As one of those invited to give an opinion, Cave J said the following.

The personal rights with which we are most familiar are:

1. Rights of reputation;
2. Rights of bodily safety and freedom;
3. Rights of property; or, in other words, rights relating to mind, body and estate

In my subsequent remarks the word 'right' will, as far as possible, always be used in the above sense; and it is the more necessary to insist on this as during the argument at your Lordship's bar it was frequently used in a much wider and more indefinite sense. Thus it was said that a man has a perfect right to fire off a gun, when all that was meant, apparently, was that a man has a freedom or liberty to fire off a gun, so long as he does not violate or infringe any one's rights in doing so, which is a very different thing from a right, the violation or disturbance of which can be remedied or prevented by legal process.

Giving the last judgment, Lord Davey said the following.[2]

I accept for the present purpose without comment the doctrine laid down in Lumley v.
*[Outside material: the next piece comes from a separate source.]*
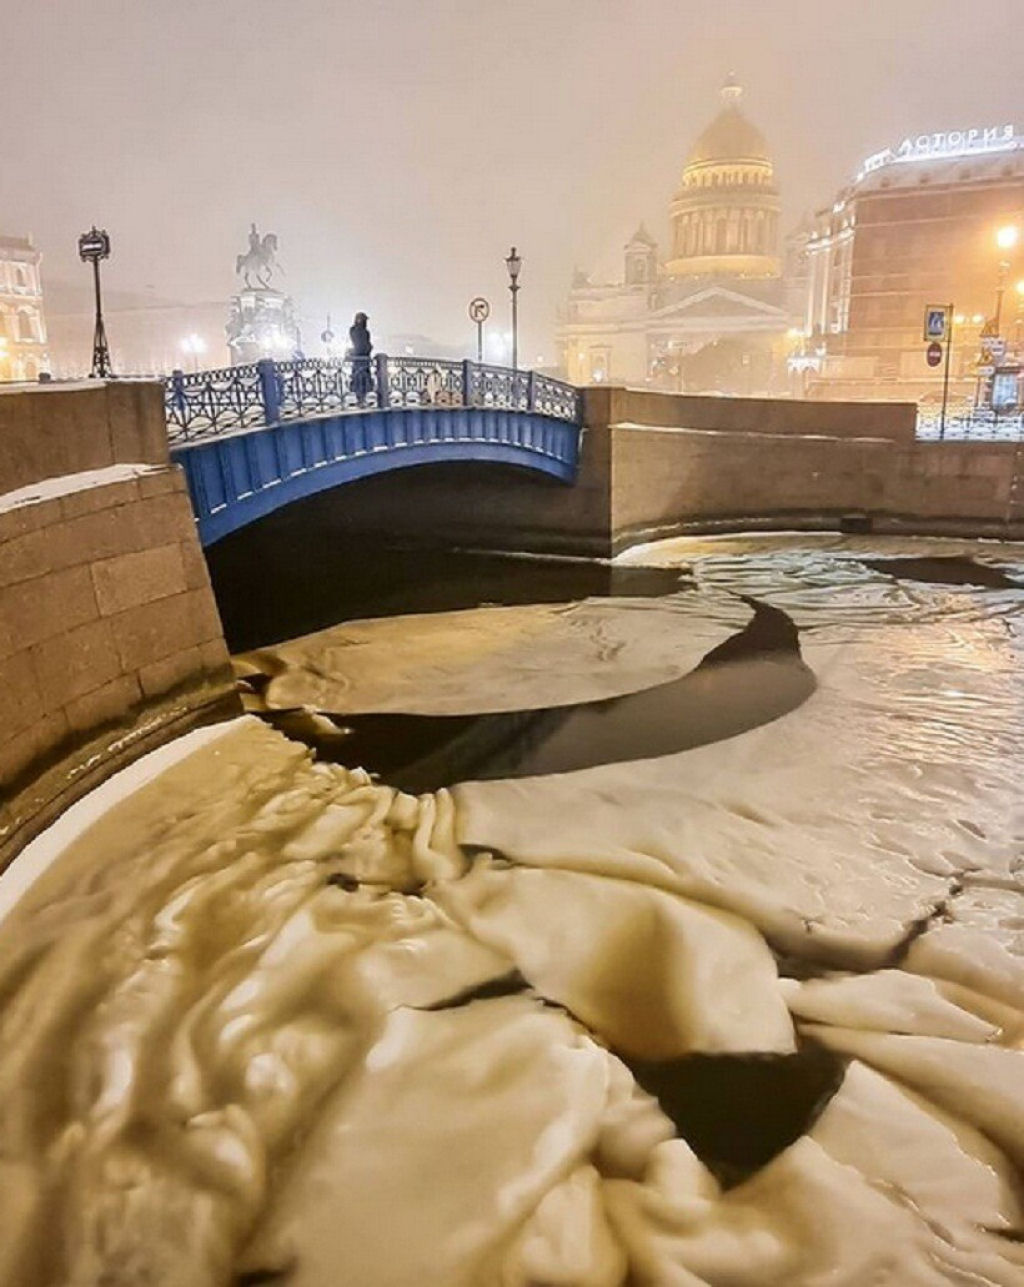 O raro e estranho fenmeno da 'banha-de-gelo' ocorreu em So Petersburgo

Gye and Bowen v. Hall, that to maliciously induce one to break a contract of exclusive personal service with an employer to the injury of that employer is actionable. But a perusal of the judgments delivered by the learned judges in Lumley v. Gye shews that in their opinion at any rate it was vital to the plaintiffs' case that there was a subsisting contract of service. Crompton J. says that a person who maliciously interrupts the relation subsisting between master and servant during the time stipulated as the period of service commits a wrongful act for which he is responsible at law. And answering the argument that the rule did not apply where the service had not commenced, although there was an existing contract, the learned judge says: “I think that the relation of master and servant subsists sufficiently for the purpose of such an action during the time for which there is in existence a binding contract of hiring and service between the parties.” Erle J. states the general principle thus: “He who maliciously procures a damage to another by violation of his right ought to be made to indemnify, and that whether he procures an actionable wrong or a breach of contract.” An employer may discharge a workman (with whom he has no contract), or may refuse to employ one from the most mistaken, capricious, malicious, or morally reprehensible motives that can be conceived, but the workman has no right of action against him. It seems to me strange to say that the principal who does the act is under no liability, but the accessory who has advised him to do so without any otherwise wrongful act is under liability.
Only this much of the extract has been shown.